Myślałam, że emerytura to przywilej

Myślałam, że emerytura  to przywilej

Kilka dni temu na portalu Radomsko 24.pl ukazało się oświadczenie Anny Kulikiewicz, dzisiaj już byłej pracownicy Miejskiego Domu Kultury w Radomsku, w którym dziękowała za lata pracy w kulturze bagaż doświadczeń, wzruszeń, wspomnień związanych z 35-letnią pracą placówce. W rozmowie z naszym portalem, nie ukrywa smutku, goryczy i przekonania, że decyzje o jej odejściu na emeryturę niestety ktoś podjął za nią.

- Zawsze byłam przekonana, że emerytura to przywilej każdego z nas, z którego można skorzystać. Gdy jest człowiek już tego pewny i w pewnym sensie przygotowany i przekonany, że czas to zrobić  – opowiada Anna Kulikiewicz.

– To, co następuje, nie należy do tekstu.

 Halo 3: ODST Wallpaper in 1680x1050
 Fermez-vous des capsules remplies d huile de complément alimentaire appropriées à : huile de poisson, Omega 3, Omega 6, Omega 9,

- Postawienie mnie w sytuacji, że przez dwa miesiące epidemii koronawirusa, muszę odejść z pracy, bo placówka jest na skraju upadłości finansowej, że trzeba ją ratować, było dla mnie ogromnym zaskoczeniem - dodaje.

Przeczytaj: Krystyna Michalska i Anna Kulikiewicz komentują zwolnienie z pracy w MDK w Radomsku

- Dostałam trzy dni na uporządkowanie swoich spraw związanych z pracą - zdradza w programie „Staszczyk Niezależnie” Anna Kulikiewicz.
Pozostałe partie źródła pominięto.